Prof. em. Dr. Kevan A.C. Martin

Prof. em. Dr.  Kevan A.C. Martin

Prof. em. Dr. Kevan A.C. Martin

Professor Emeritus at the Department of Information Technology and Electrical Engineering

ETH Zürich

Institut für Neuroinformatik

Y55 G 27

Winterthurerstrasse 190

8057 Zürich

Switzerland

Additional information

Kevan A.C. Martin has been Full Professor of System Neurophysiology and Director of the Institute of Neuroinformatics, which was founded in 1995 by the ETH Zurich and the University of Zurich. His research explores the basic microcircuits of the neocortex and their generic functions through a synthesis of experimental and theoretical work. This has led him (jointly with Prof. Rodney J. Douglas) to develop a unified model of the structure and operation of the basic cortical microcircuit.
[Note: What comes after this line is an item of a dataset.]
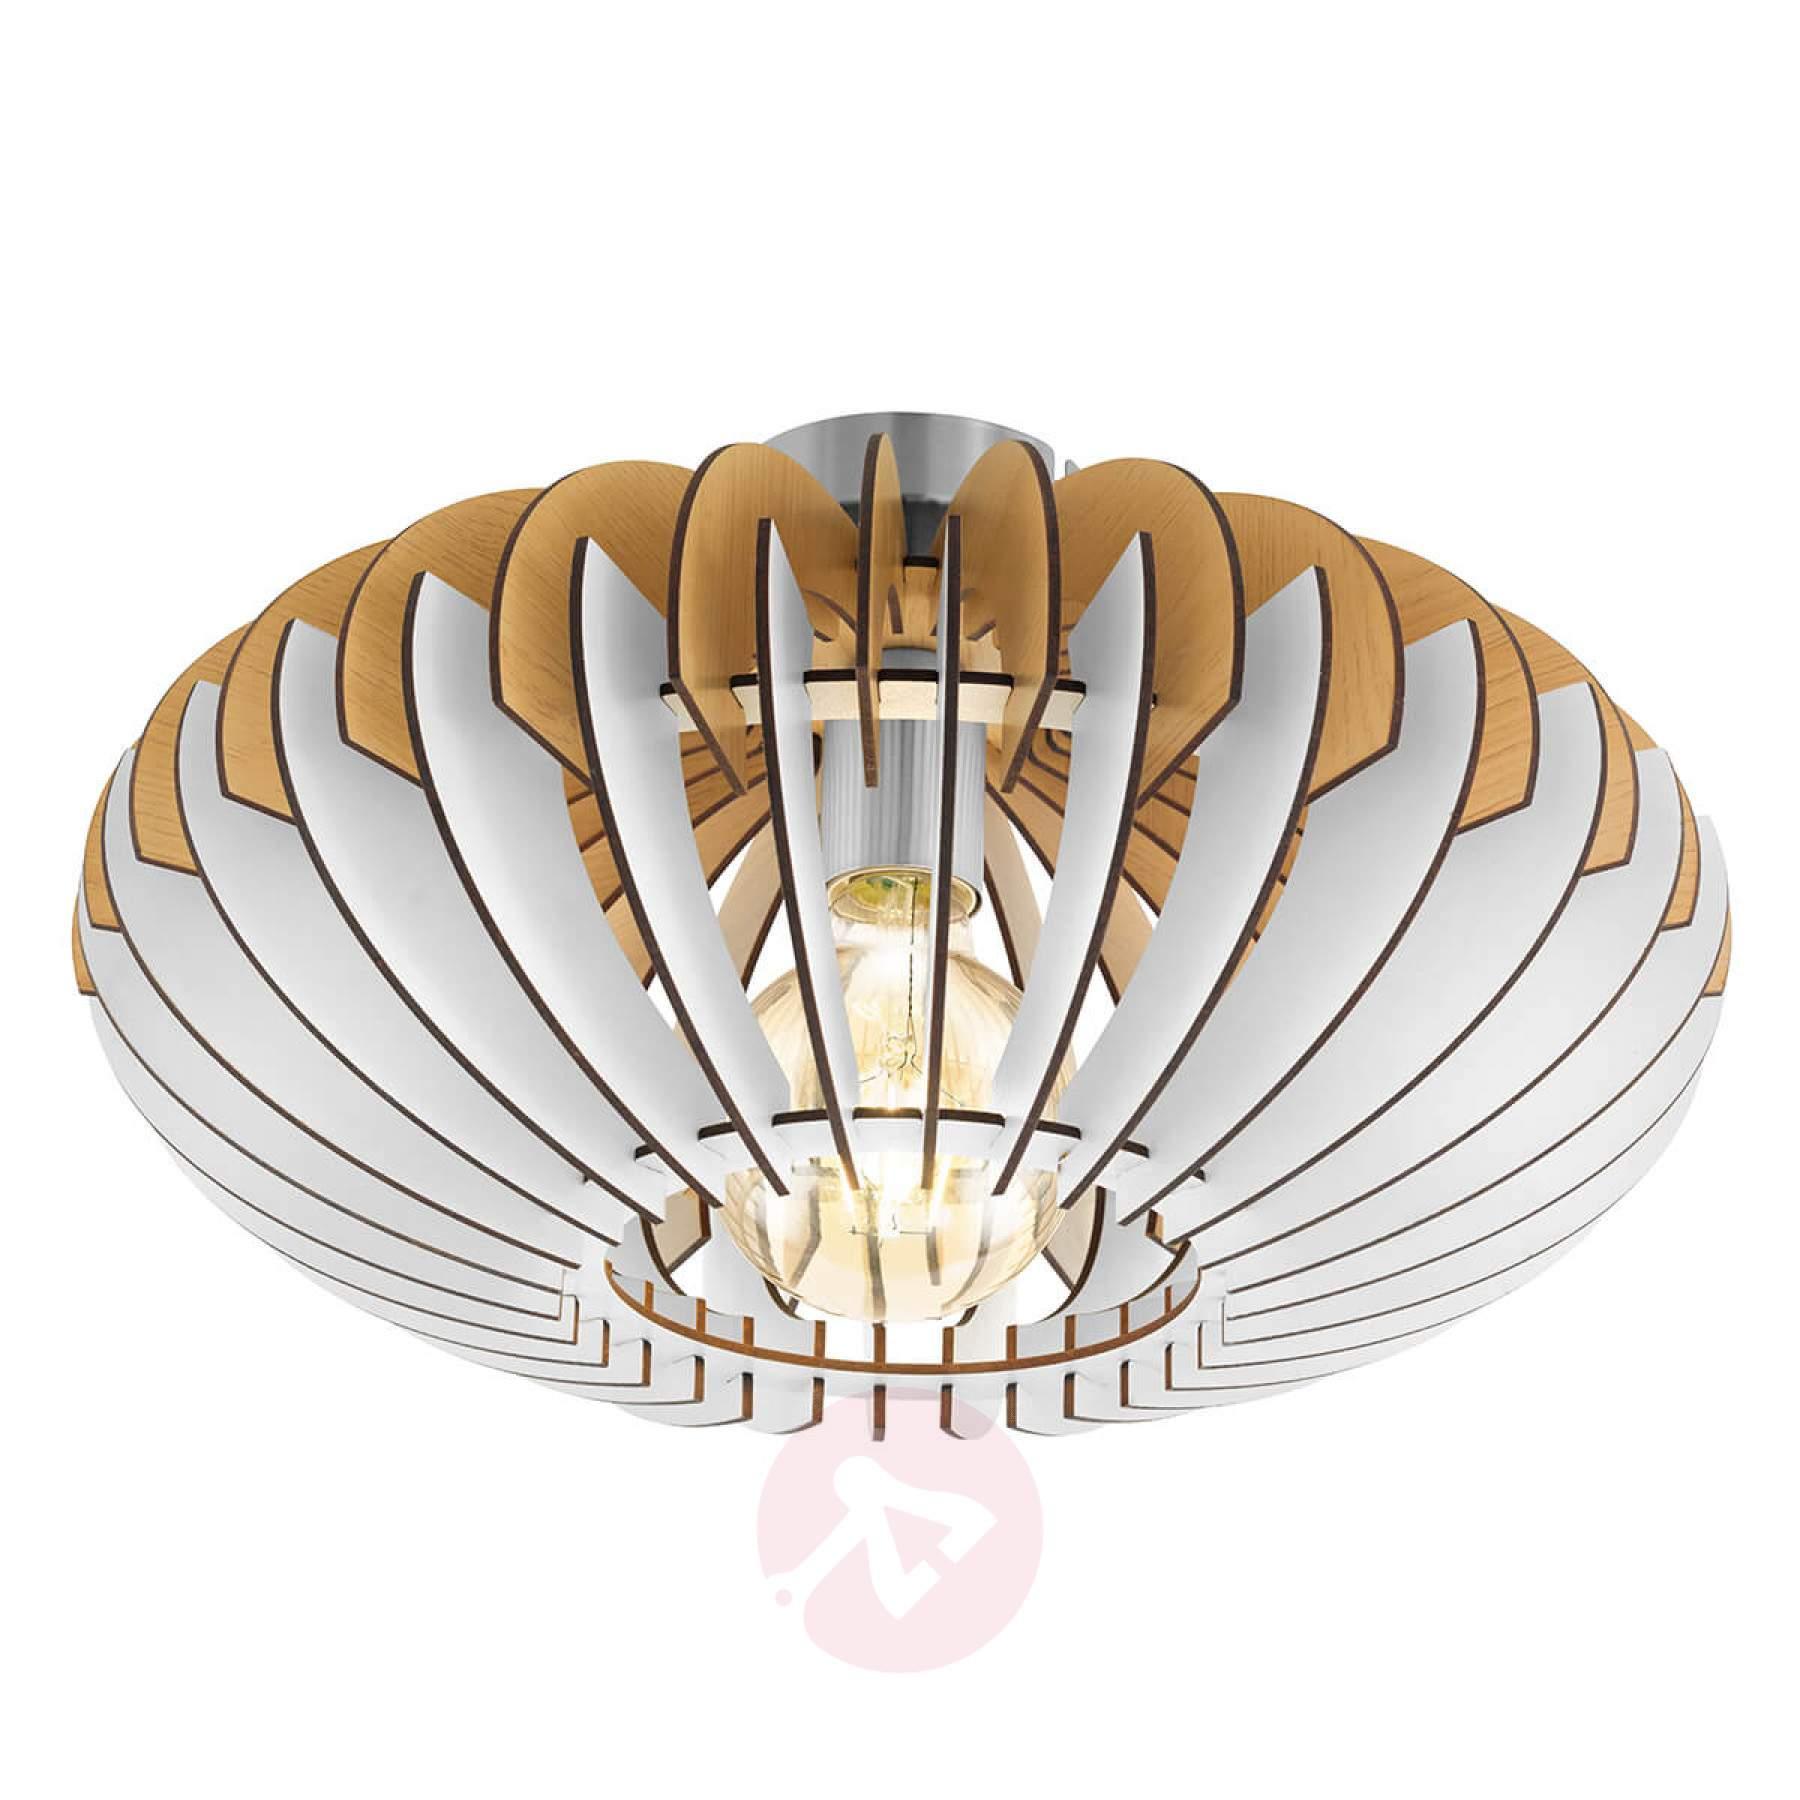 Full Size of Deckenlampe Skandinavisch Sotos Eine Mit Skandinavischem Flair Kaufen Küche Deckenlampen Wohnzimmer Modern Schlafzimmer Esstisch Für Bett Bad Wohnzimmer Deckenlampe Skandinavisch

Kevan Martin is a British citizen, born in Cape Town. After completing his Bachelor of Science degree with major subjects Logic and Metaphysics, Physiology, and Psychology, he obtained a Masters degree in Civil Engineering (cum laude) from the University of Cape Town in 1975. He won a graduate scholarship to Wolfson College, Oxford, where he completed a D. Phil. in Developmental Neurobiology in 1978. He began collaborating with David Whitteridge, the Waynflete Professor of Physiology, to link structure and function in the visual cortex. Their close association continued until Whitteridge-s death in 1994.



In 1979 he was elected to the prestigious Weir Junior Research Fellowship at University College, Oxford, where he also was appointed Junior Dean. In 1984 he was elected to the EPA Cephalosporin Junior Research Fellowship at Linacre College, Oxford. In 1985 he became the Ovenstone Senior Research Fellow at University College, Oxford, and, as one of the founding members of the Medical Research Council-s Anatomical Neuropharmacology Unit, a Senior Scientist of the Medical Research Council.



Kevan Martin was awarded the first Wellcome Prize of the Physiological Society in 1986 for outstanding contributions to physiology by a young physiologist. In 1989 he became an Adjunct Professor of the University of Alabama, Birmingham. He is a Foreign Associate of the Royal Society, South Africa and was Henry Head Research Fellow of the Royal Society, London, from 1990-1995.